Rehoboth settles one lawsuit, another heads to trial

Commissioners put nativity scene issue behind them; judge denies BeachWalk dismissal
April 20, 2021

For the past three Christmas seasons, Rehoboth Beach has been in a public back-and-forth with the local Knights of Columbus about the placement of a nativity scene on city property – specifically the Bandstand. It looks like Christmas 2021 should be much quieter.

During an April 16 meeting, commissioners unanimously approved an agreement with the Knights of Columbus Star of the Sea Council 7297 that ends a lawsuit filed in June 2020. The vote came after a 20-minute executive session, and there was no discussion after commissioners returned.

In their lawsuit, the Knights argued that the blanket ban of the crèche from city property showed religious discrimination. Six months after the suit was filed, commissioners approved a policy prohibiting private holiday displays on public property during the holiday season, defined as Nov. 15 through Jan. 15 in any given year.

This issue began in December 2018, when the Knights placed a nativity scene on the lawn by the Bandstand. The city forced the Knights to remove the figurines days later. Ultimately, the Knights installed the nativity scene in the outdoor patio entrance of the ocean-block Grotto Pizza on Rehoboth Avenue. Last year, in addition to adopting the new policy, the city also installed a multi-religious display on the Bandstand, including a nativity scene.

In an email following the meeting, Mayor Stan Mills explained the agreement, which calls for the city to display its full nativity scene for at least the next two Decembers, maintain and repair the figures if damaged, and enforce the regulations on unattended displays.

These were all intentions of the commissioners in adopting the existing unattended display policy, said Mills.

That city policy allows for privately owned displays on private property only, not on city property, said Mills, which means the Knights of Columbus can display their private nativity on private property.

Under the terms of agreement, Mill said the Knights are not allowed to display their nativity scene on city property. However, he said, he was glad the issue was resolved amicably.

“I believe we all are winners,” he said. “Last year’s array of seasonal displays was beautiful, received many compliments and was enjoyed by many.”

Roger Byron, senior counsel for First Liberty Institute, represented the Knights of Columbus. “This is cause for celebration,” said Byron, in an email April 19. “A free-standing crèche is once again part of the community’s holiday display.  The Knights of Columbus is pleased to have helped bring about such an outstanding result.”

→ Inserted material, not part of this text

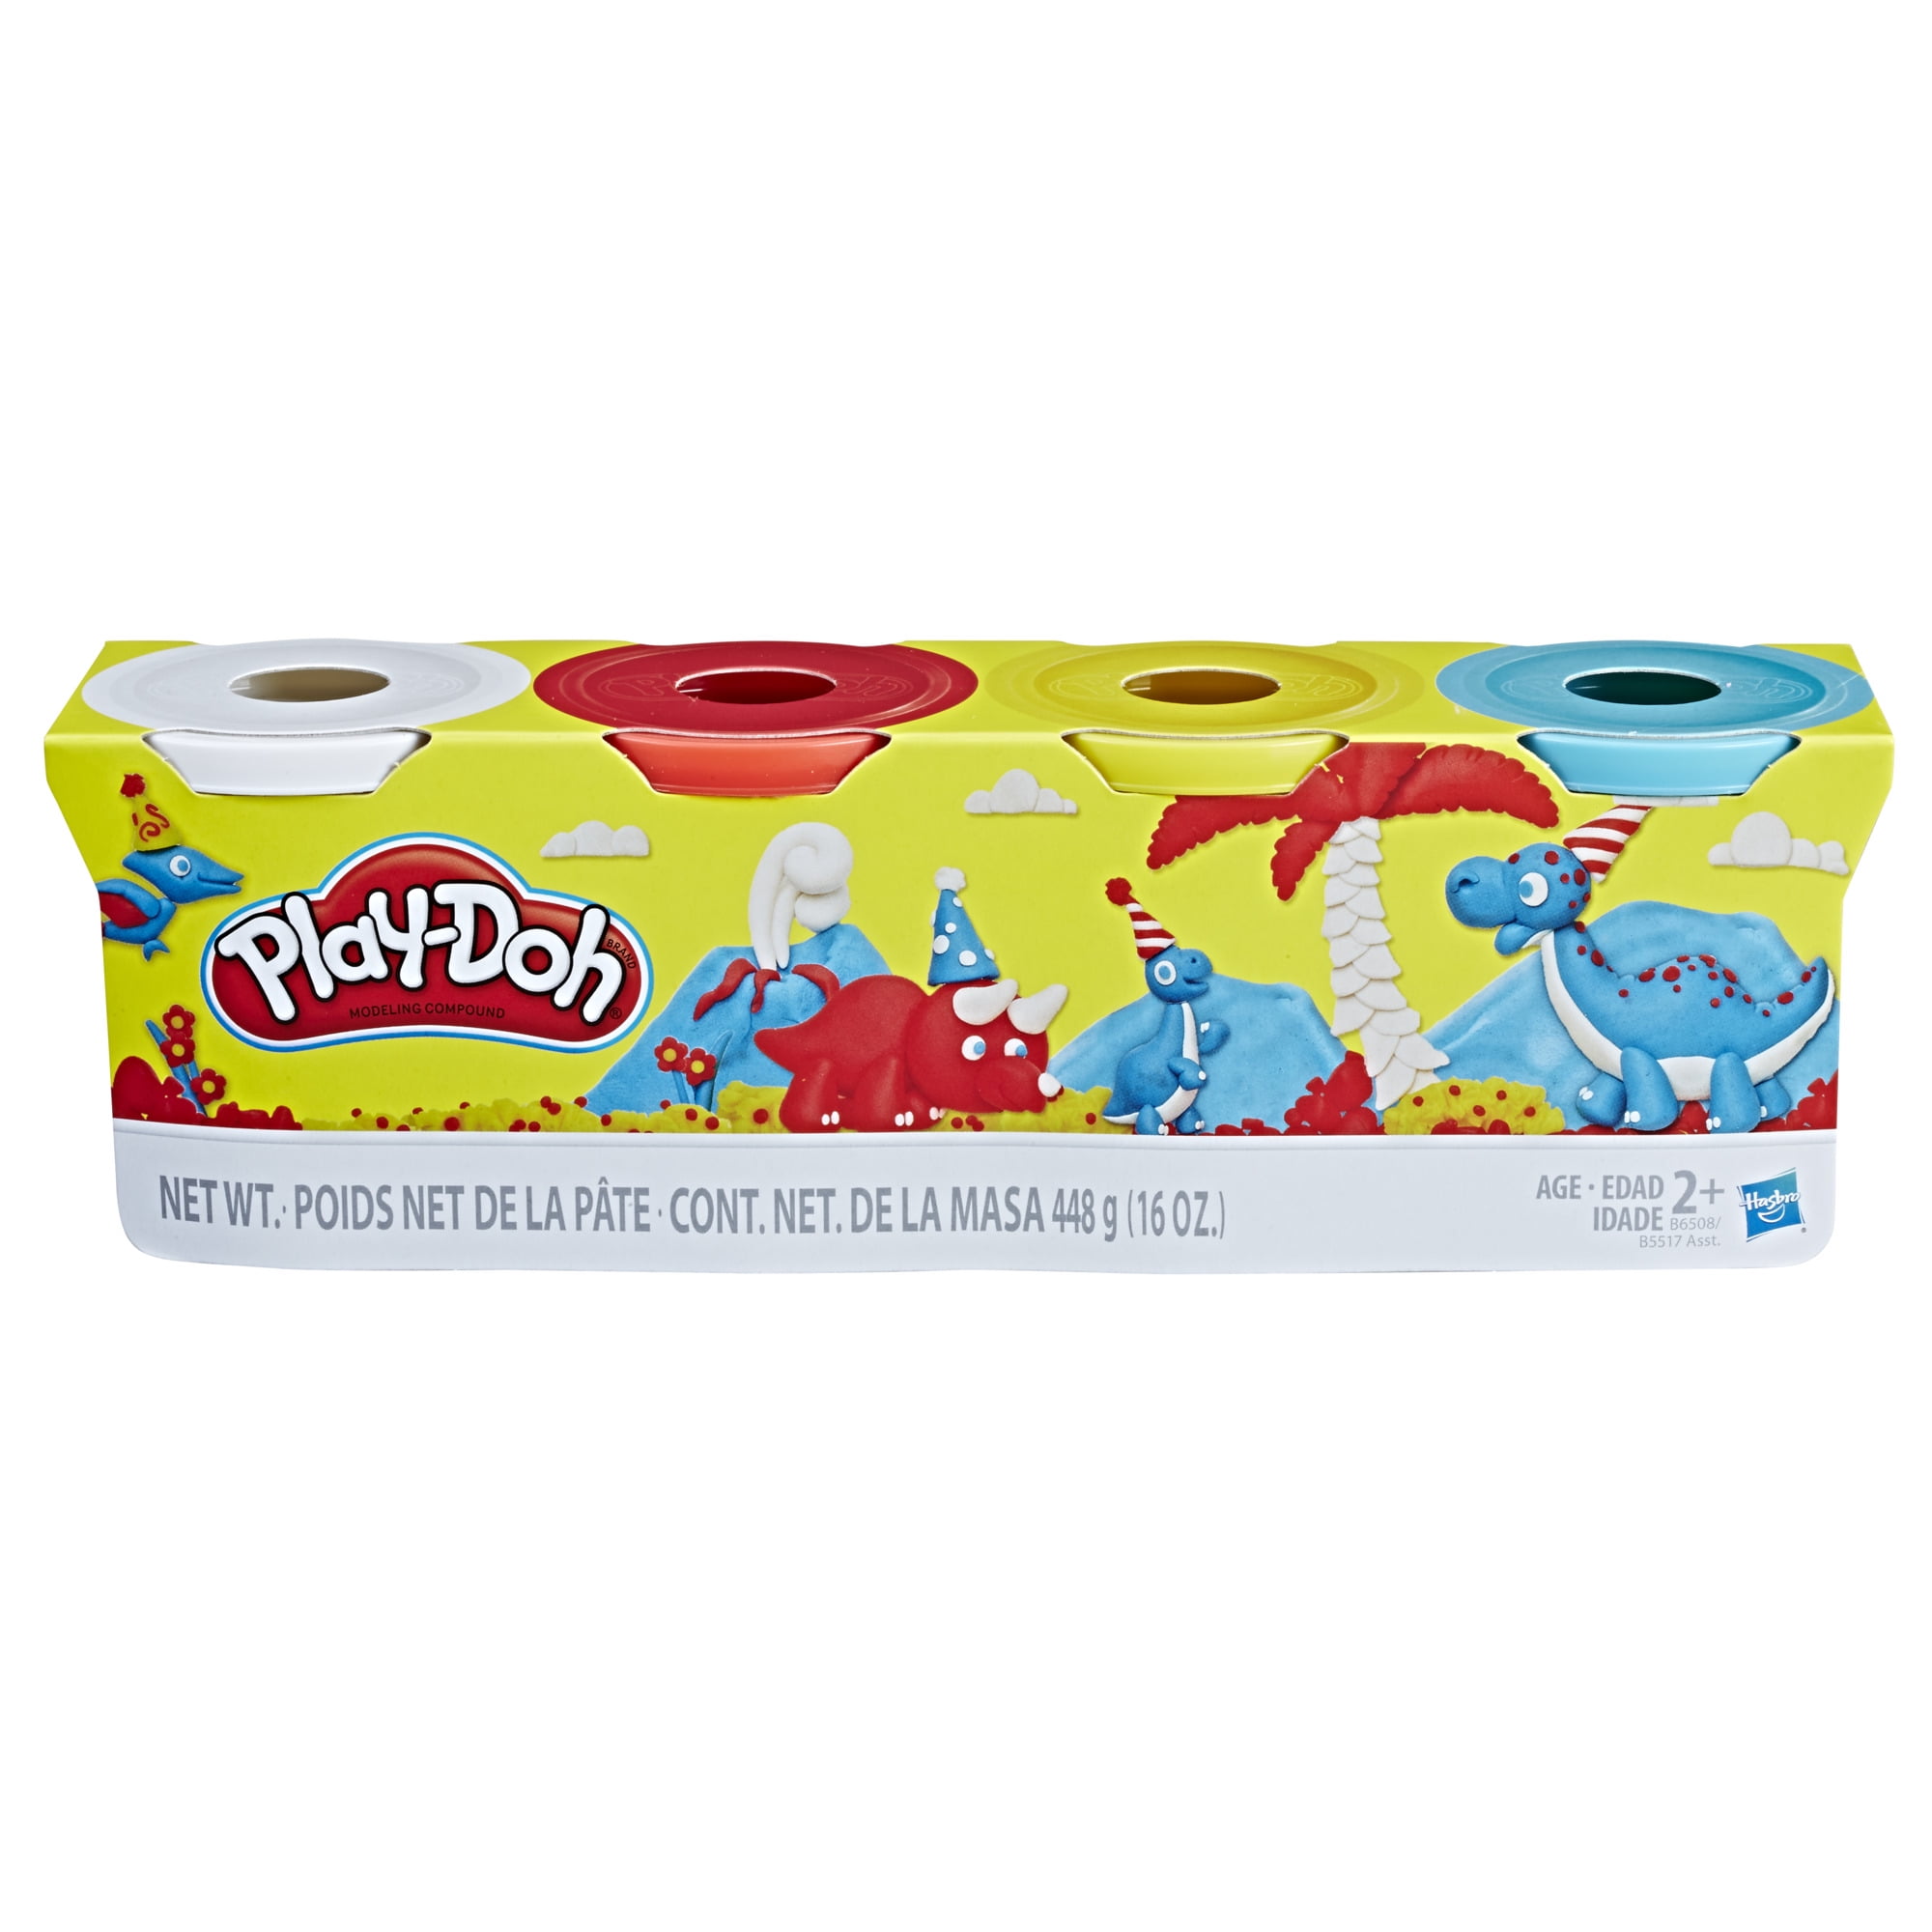 Play-Doh 4-pack of Classic Colors Net WT 16oz for sale online 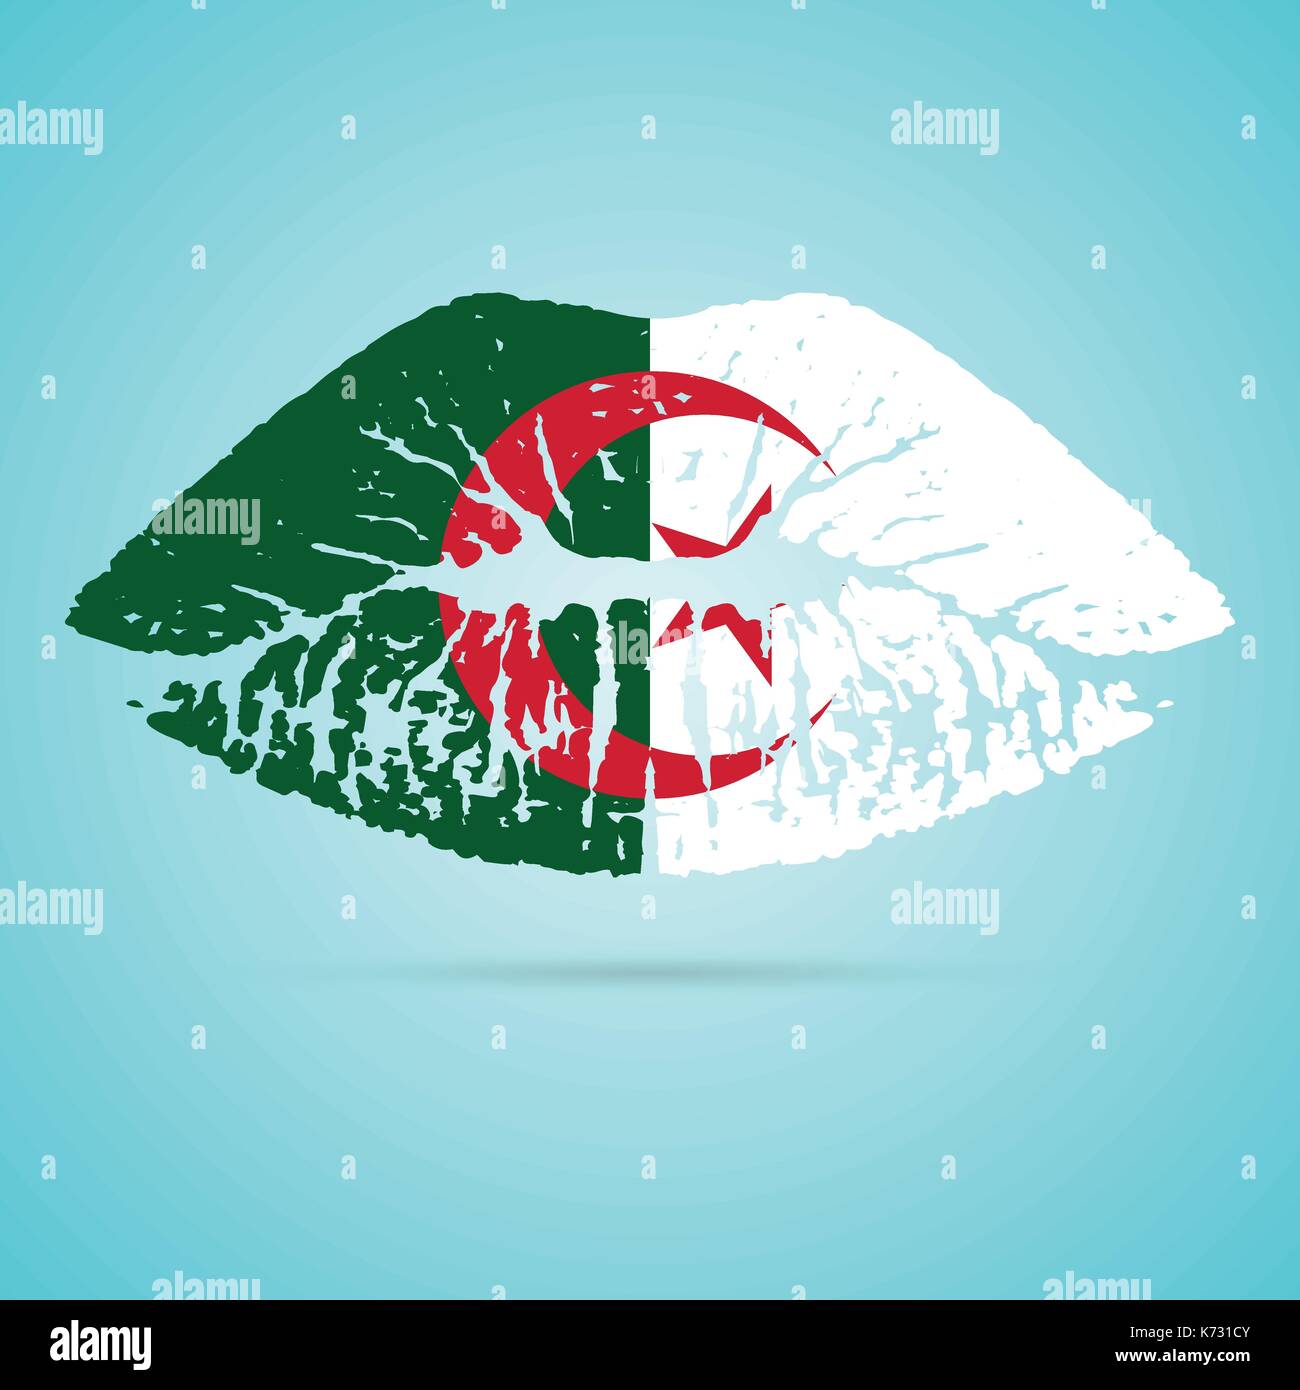 Algeria Flag Lipstick On The Lips Isolated On A White Background. Vector Illustration. Stock Vector

BeachWalk case heading to trial

The city may have resolved one three-year-long issue, but BeachWalk, which has been going on twice as long, will be continuing.

With a project introduced in 2015, developer Keith Monigle is seeking to build 63 residential units on a 7.75-acre parcel off Route 1, currently operating as Rehoboth Beach Plaza shopping center. His plans call for 58 single-family homes and five apartment-style units, but lots would not be subdivided; houses would be constructed on a single lot.

During a special meeting in May 2019, city commissioners voted unanimously to enforce an ordinance created in 2017 that applies to all pending and future applications, and an ordinance created in 2016 codifying that only one building could be built on a lot. Soon afterward, attorney Richard Forsten filed a lawsuit on behalf of Monigle.

In a decision issued April 13, Court of Chancery Vice Chancellor Sam Glasscock III said he thought the issue would be “best resolved through the development of a record at trial.”

Both sides, the city and Monigle, argued for summary judgment on their behalf. Glasscock said the city argues that Monigle believed the city code was fairly confusing, and that he purposefully avoided submitting his redevelopment plan to the city for concept review because he feared the city could close the loophole Monigle believed he had found in city code.

However, Glasscock continued, the plaintiff believed its redevelopment could be done as a condominium if drafted and built correctly. Monigle also provided statements from various city officials indicating that he could redevelop the property as a condominium, said the judge.

During the recent commissioners meeting, City Solicitor Glenn Mandalas said a date had not yet been set for the trial.